La colère perce. Face à un alignement impressionnant des camions satellites des médias internationaux, les uns témoignent, d’autres militent.

«J’ai la haine. Oui, j’ai la haine. On tue nos enfants et nos familles», hurle cette Niçoise à qui veut l’entendre. Face à elle, le visage d’un jeune maghrébin s’enflamme: «Arrêtez de crier votre haine et déposez plutôt des fleurs.» Sans lui tendre l’oreille, elle poursuit: «Aujourd’hui, François Hollande n’est même pas venu nous parler.» «Mais madame, réplique le jeune homme, il faut voter. Vous avez voté? Hein, vous avez voté pour qui?» «Oui, j’ai voté pour Marine Le Pen», réplique la quadragénaire, apparemment galvanisée par la présence des micros qui ont flairé le croustillant échange. Qui préfigure le temps de questions qui succédera à celui du deuil.

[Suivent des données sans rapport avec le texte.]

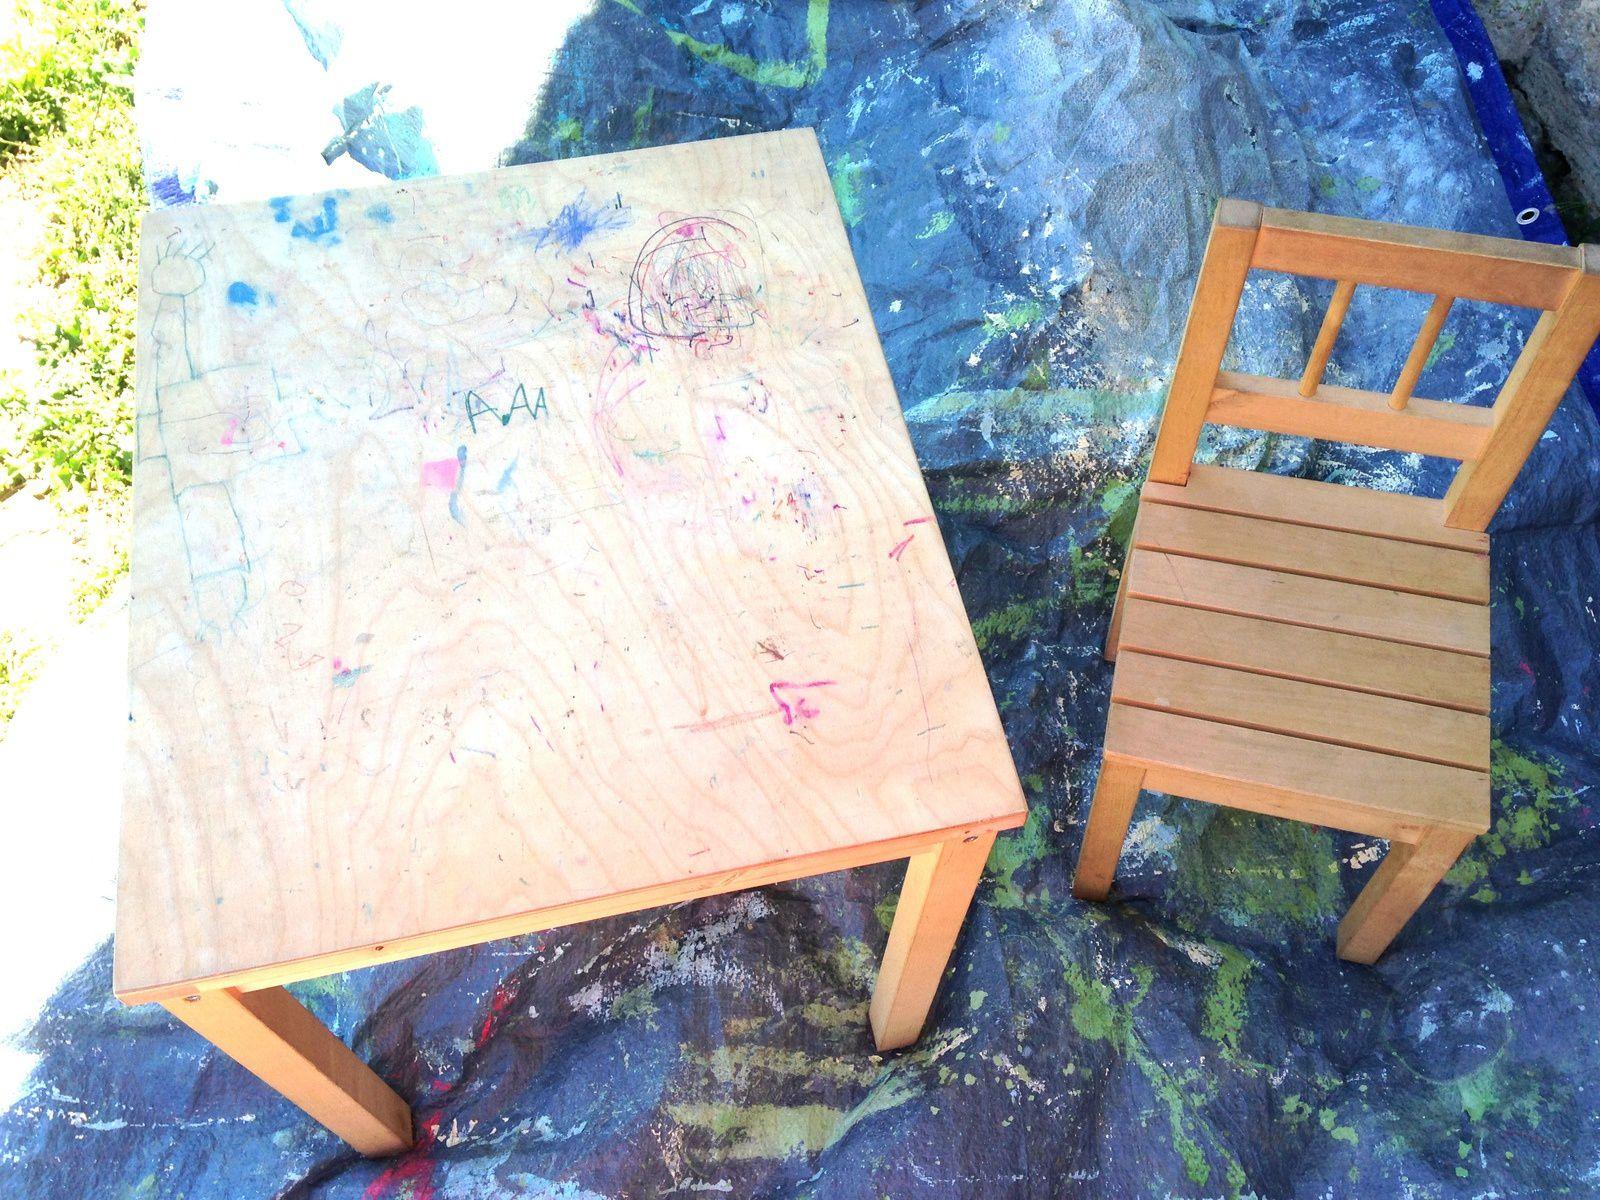 table et chaise d 39 enfant repeintes charlotteblabla. Black Bedroom Furniture Sets. Home Design Ideas

Il faudra trouver des coupables, des responsables. Mais à la tombée du jour, loin du silence assourdissant du bord de mer et du turquoise interdit des plages qui auraient préféré grouiller, une sordide évidence pointe devant la cellule médico-psychologique de l’hôpital Pasteur: ces familles qui aimeraient mettre un nom sur leur douleur, celui de Daech, celui du Djihad, n’y sont même pas autorisées. «Le pire, c’est que contrairement à Paris ou à Bruxelles, il semble que le tueur d’hier soir n’était qu’une merde, ose un chauffeur de taxi. Un petit paumé, un repris de justice, un délinquant ordinaire qui a voulu se suicider en emmenant un maximum de monde avec lui pour laisser son petit nom dans l’histoire. Aujourd’hui, je me sens vide.».